[[ Supplied data, beginning ]]
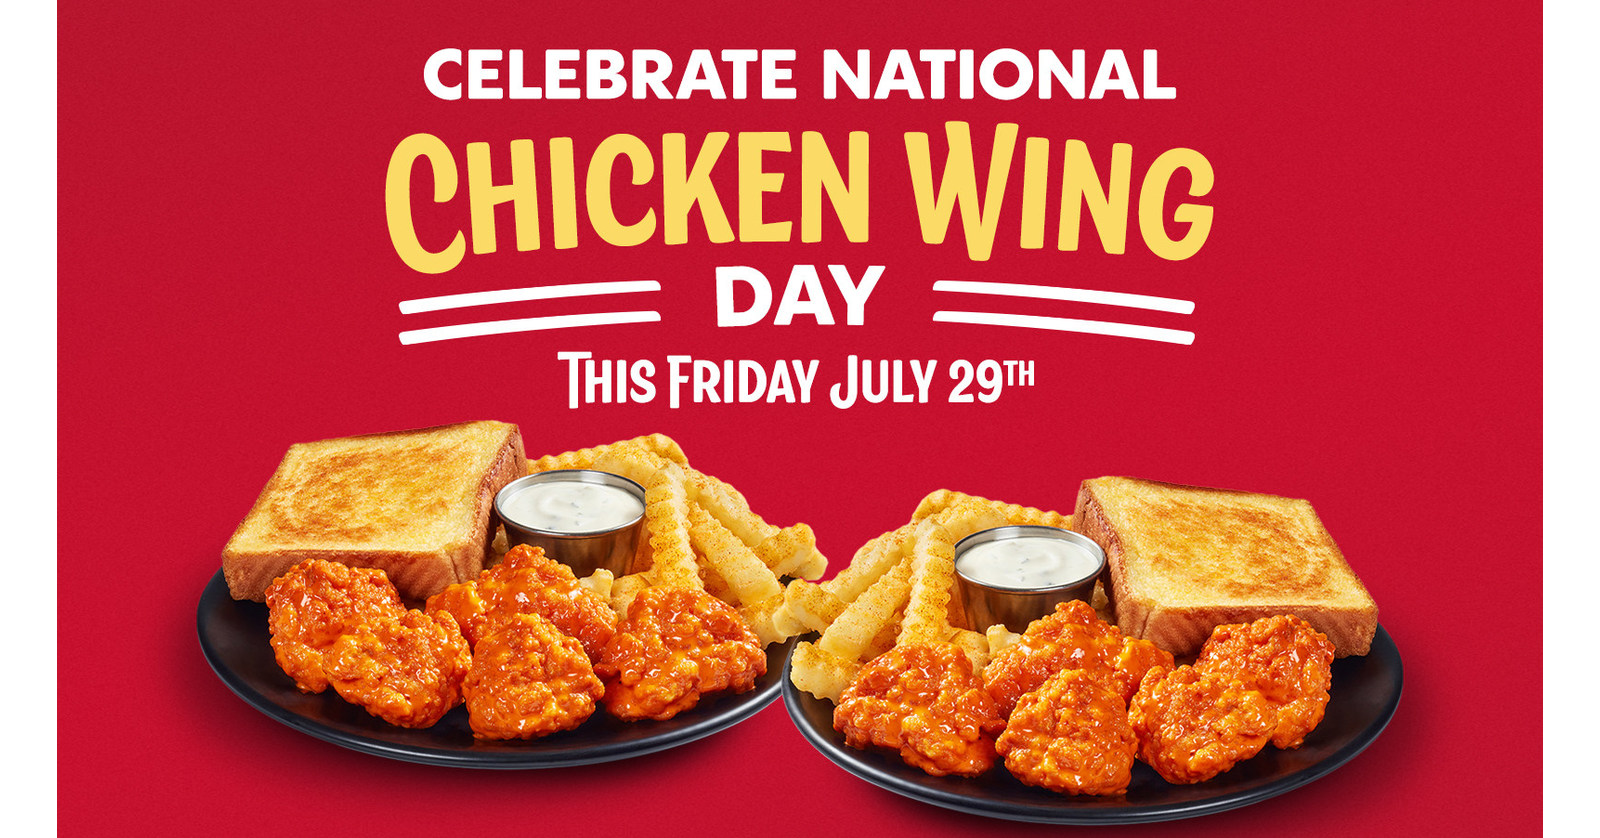 to National Chicken Wing Day!
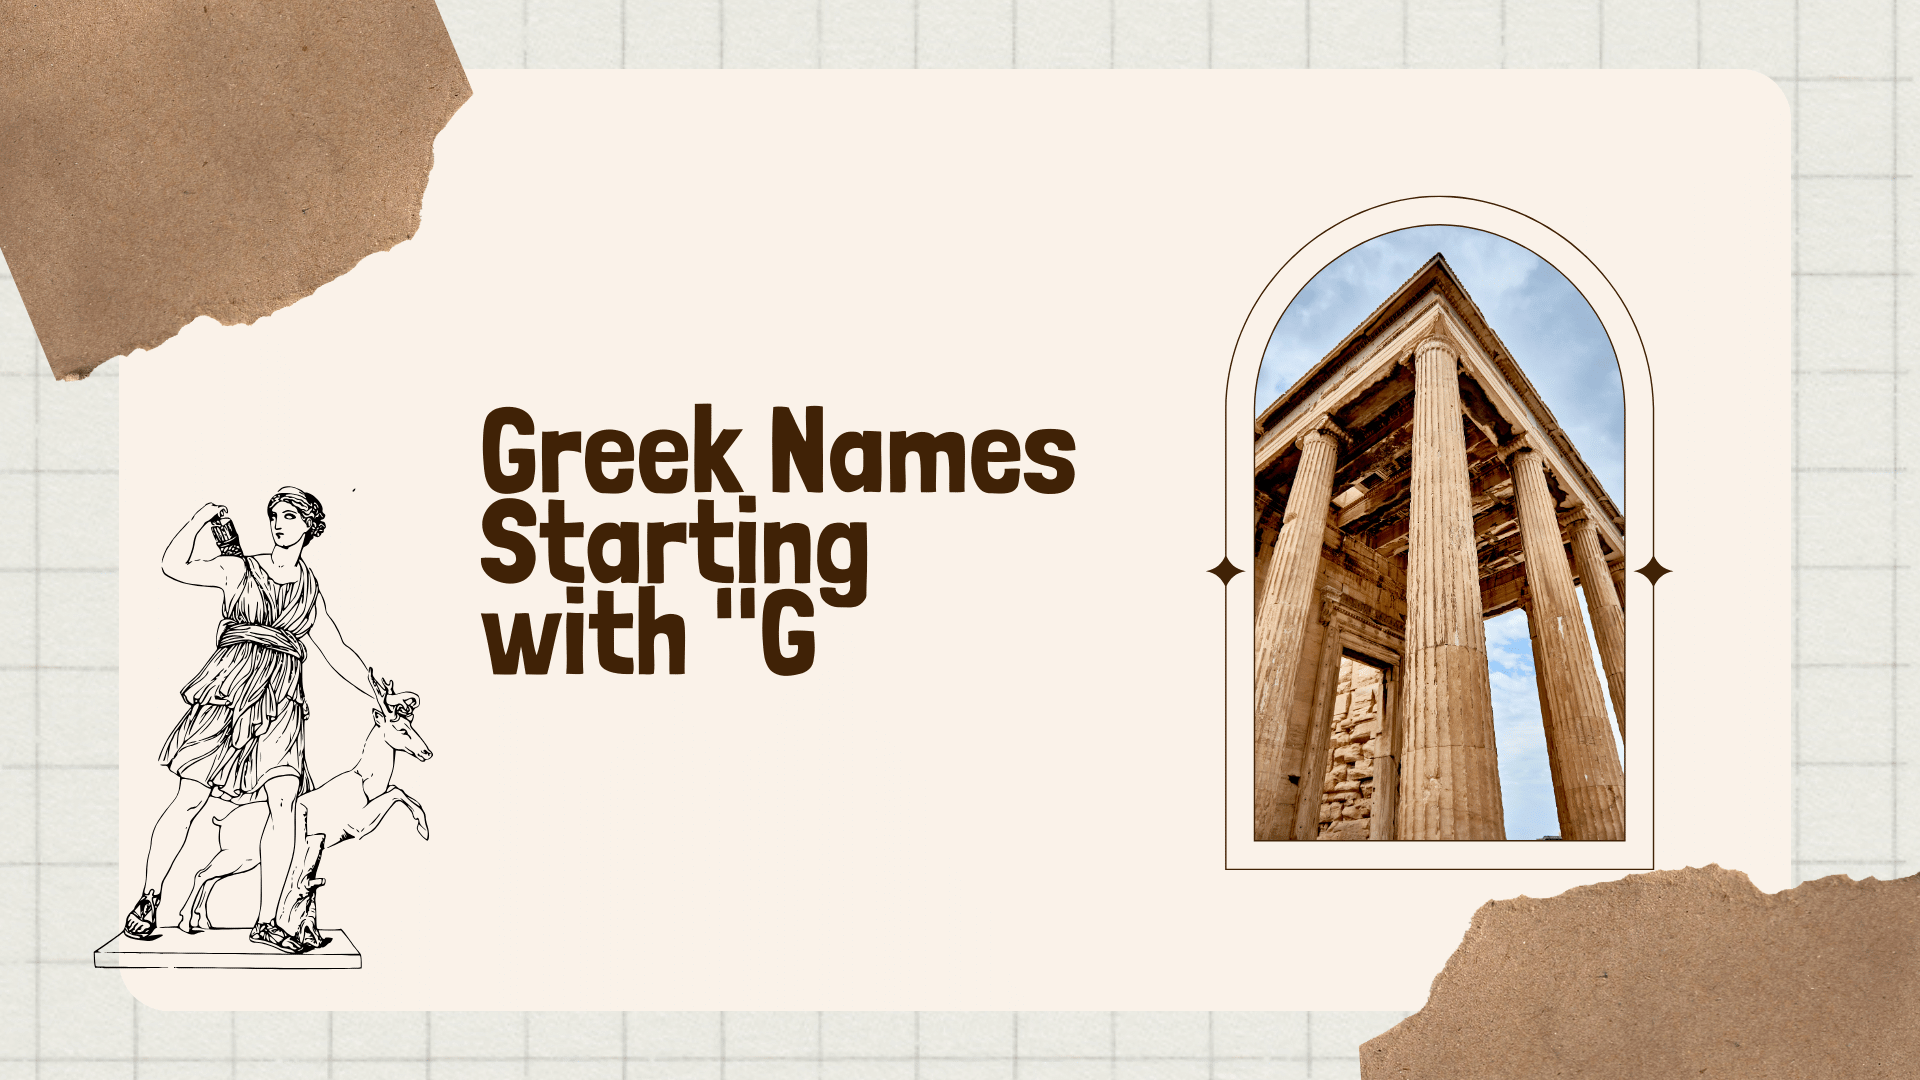 Greek Names Starting with "G"
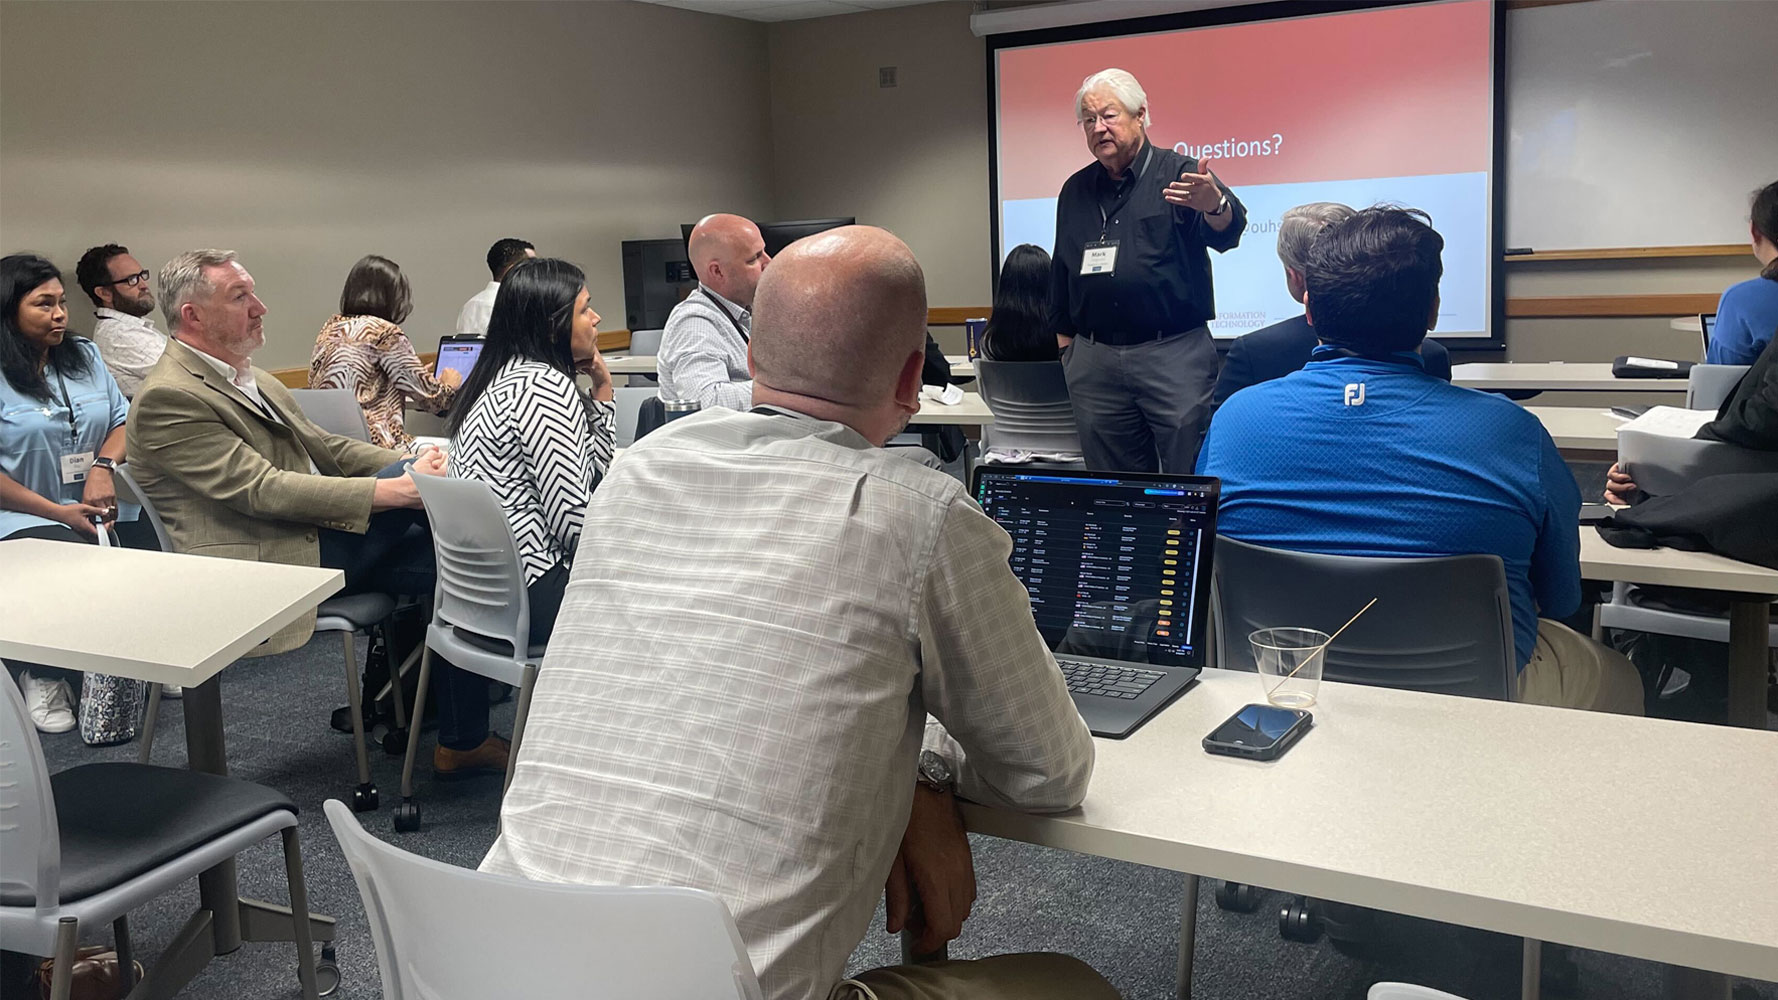 OU Enterprise IT Governance Director, Mark Ferguson, talks to a group about IT Governance at the 2023 Council on Information Technology Summit.
[[ Supplied data, end ]]
Restate word for word the lines starting at the one that contains "Greek Names Starting" and ending at the last line of the data. Skip every picture.

# Response
 Greek Names Starting with "G"
 OU Enterprise IT Governance Director, Mark Ferguson, talks to a group about IT Governance at the 2023 Council on Information Technology Summit.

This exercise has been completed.